Comme c’était prévisible, la Commission a décidé mercredi 5 janvier de contester devant la justice européenne la décision du Conseil de réduire de moitié l’augmentation de salaire promise aux fonctionnaires européens. Elle avance le respect des règles d’indexation des salaires, valable jusqu’en 2012.
En effet, un accord interinstitutionnel, conclu dans les années 1970, prévoit un mécanisme automatique de réajustement des salaires des eurocrates, des 736 députés européens (désormais indexés sur ceux des fonctionnaires) et des juges européens, calculé sur base de l’évolution des salaires de la fonction publique de huit États (Allemagne, Belgique, Espagne, France, Italie, Luxembourg, Pays-Bas et Royaume-Uni, représentant 76 pour cent du PIB de l’UE), durant l’année précédente, ainsi que sur l’augmentation du coût de la vie à Bruxelles.
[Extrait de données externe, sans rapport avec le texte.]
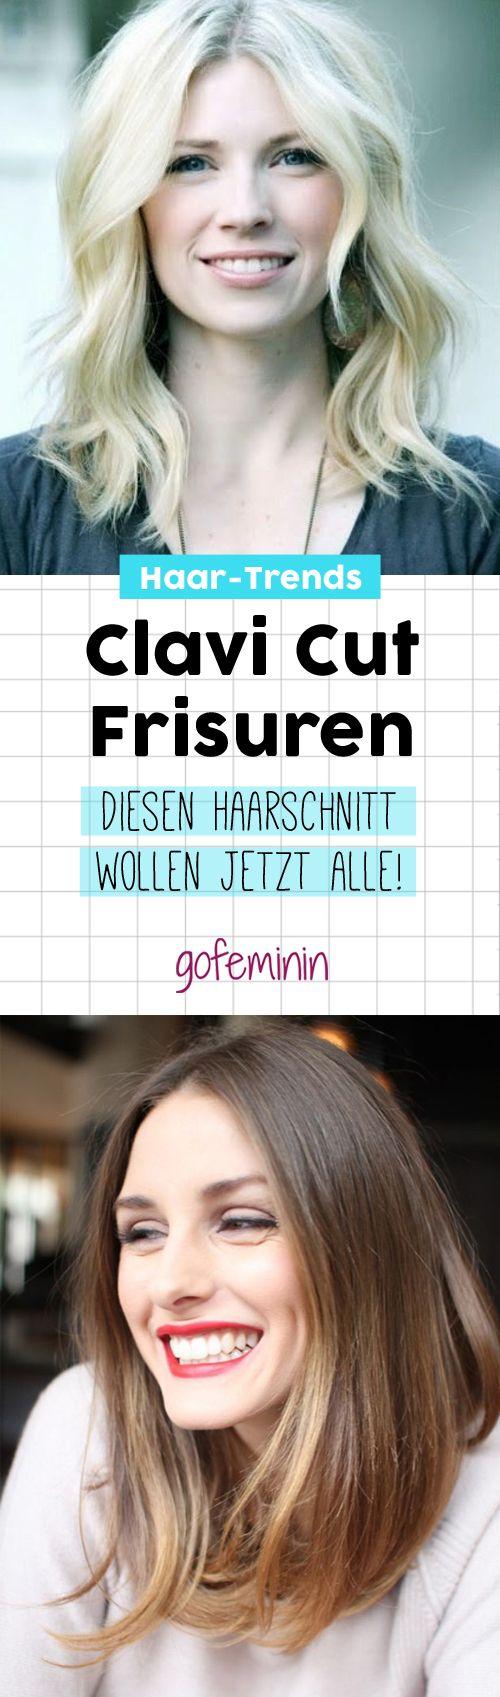 Clavi Cut: Das sind die schönsten Schnitte und Farben!

Ce réajustement calculé annuellement par la Commission doit être validé par les États membres qui n’ont en fait pas de possibilité de négociation. Or, cette année ils ont pris cette liberté, considérant qu’en période de crise, l’augmentation proposée de 3,7 p.c. était inconcevable, notamment lorsque beaucoup d’entre eux ont dû geler voire baisser les salaires de leurs propres fonctionnaires. Difficile pour eux de valider une augmentation de salaires de fonctionnaires européens, les mieux payés d’Europe. On rappellera que les salaires mensuels de base des quelques 50 000 fonctionnaires européens et contractuels s’échelonnent de 2 500 euros pour une secrétaire à près à 17 500 euros pour les chefs de département, hors primes diverses. C’est encore plus pour les commissaires et leur président. S’ajoutent à cela des primes et allocations, liées au statut d’expatrié et s’en déduisent des cotisations sociales et un impôt au budget de l’Union.
Depuis le début du mois de décembre, le bras de fer semblait inévita-ble. L’Allemagne, le Royaume-Uni, le Danemark, la Pologne, la Lettonie et la Lituanie ont farouchement refusé d’entériner la proposition de la Commission et le Conseil a, le 20 décembre, voté à l’unanimité une augmentation de 1,85 p.c., soit la moitié de ce qui était dû en vertu de l’accord. Mais les représentants des syndicats de fonctionnaires européens sont demeurés inflexibles : ils ne renoncent pas à leurs droits et consièrent que les États membres « violent la loi à l’unanimité ». Ils soulignent que les prélèvements augmentant, la hausse nette des salaires sera ramenée à seulement 2,3 p.c. pour 2010. À la mi-décembre, les fonctionnaires du Conseil ont manifesté publiquement devant le bâtiment principal de leur institution. Ils ont été rejoints le 18 décembre, par leur collègues de la Cour de Justice à Luxembourg. La Commission, embarrassée par cette affaire, ne peut faire autrement que de les soutenir arguant que si le mode de calcul instauré par l’accord est inapproprié à une période de crise, il convient de le revoir mais qu’en l’état actuel de la législation applicable, le Conseil se doit de le respecter. « Il incombe à la Cour de décider ce que la Commission estime être une violation des règles acceptées par les États membres (...) Nous parlons ici du respect des règles convenues. Ce n’est pas une question mettant en jeu la discrétion politique », a déclaré mercredi à la presse Pia Ahrenkilde Hansen, porte-parole principale de la Commission.
La Cour devrait, comme elle l’a déjà fait en 1972, valider le réajustement salarial d’autant que les juges européens sont eux mêmes directement concernés par celui-ci. Ils permettront ainsi aux capitales européennes de garder la tête haute, prétextant qu’elles ont dû se soumettre à la décision de la justice européenne malgré toutes leurs tentatives pour s’opposer à cette revalorisation salariale.